To a large extent, spending money on more training for how police can best deal with people with mental illnesses is a total waste.
The U.S.-based Treatment Advocacy Center has it right when they say, "Police Training Yes, but Treatment Definitely." I am referring to the recent announcement by the the Minister of Community Safety and Correctional Services, Madeleine Meilleur, that the Ontario Government will review how the police respond to the mentally ill.
This latest concern about an age-old problem has resulted from a number of fatal shootings involving the police and people with mental illness in Toronto. The usual response in the past has been to convene a Coroner's Inquest into these incidents. After months and sometimes years, the inquests all come up with a list of recommendations which are mostly ignored.
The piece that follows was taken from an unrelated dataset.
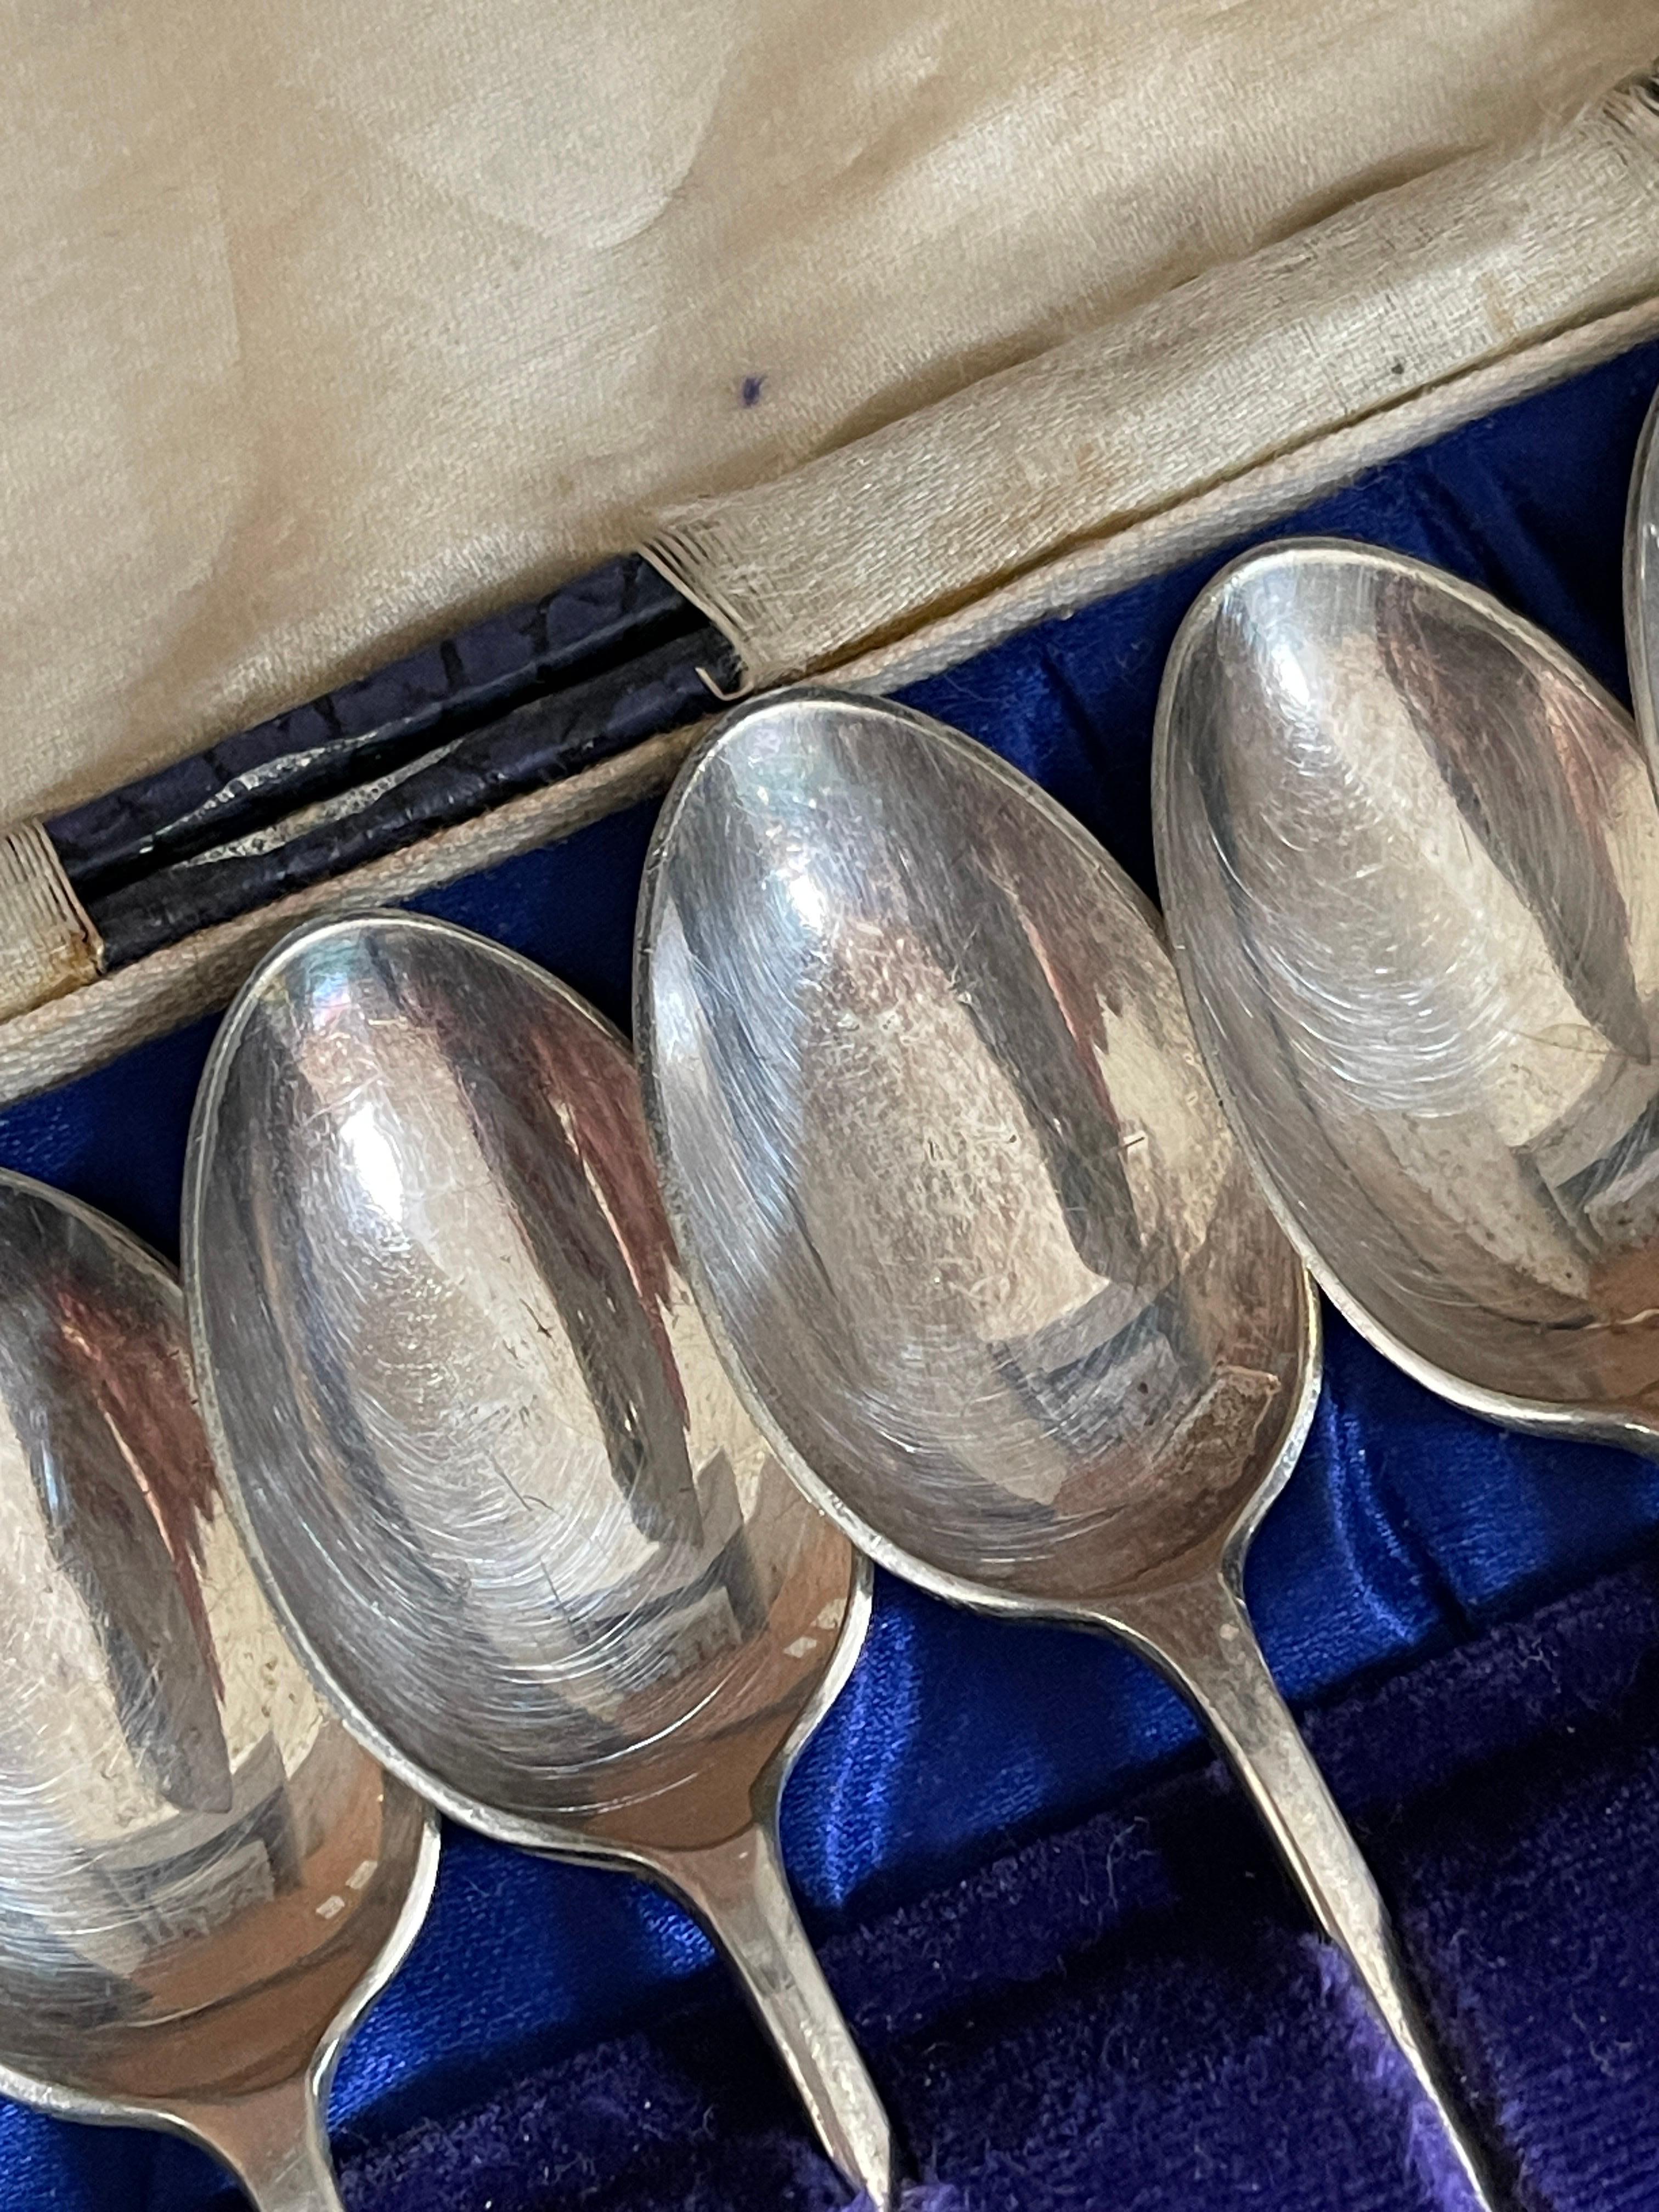 Organic Material Exclusive Tea COFFEE SPOONS, 6 pcs. Sterling Silver & Box, Antique Silver Spoons For Sale

But, contained in the Globe and Mail report on this latest move by Ontario may be the reason these altercations between police and mentally ill people happen in the first place. The Globe stated
"the closing of beds and the move away from institutionalized mental-health care in Canada has put the responsibility of responding to people in crisis more and more in the hands of the police, who have limited access to health-care experts in these crucial moments."
That was 2010 and this is 2012. We're all waiting.
The police are not mental health professionals and they should not be expected to spend as much time as they do dealing with sick people. In fact, the Vancouver Police Department issued a report in 2008 called, "Lost in Transition: How a Lack of Capacity in the Mental Health System is Failing Vancouver's Mentally Ill and Draining Police Resources." On page 9, the report states that during a sample period, 31 per cent of police calls involved at least one mentally ill person.
In a study done for the London, Ontario Police Department, it was found that between 1998 and 2001, contact with people who suffered mental illness cost the city between $1.5 and $2.4 million.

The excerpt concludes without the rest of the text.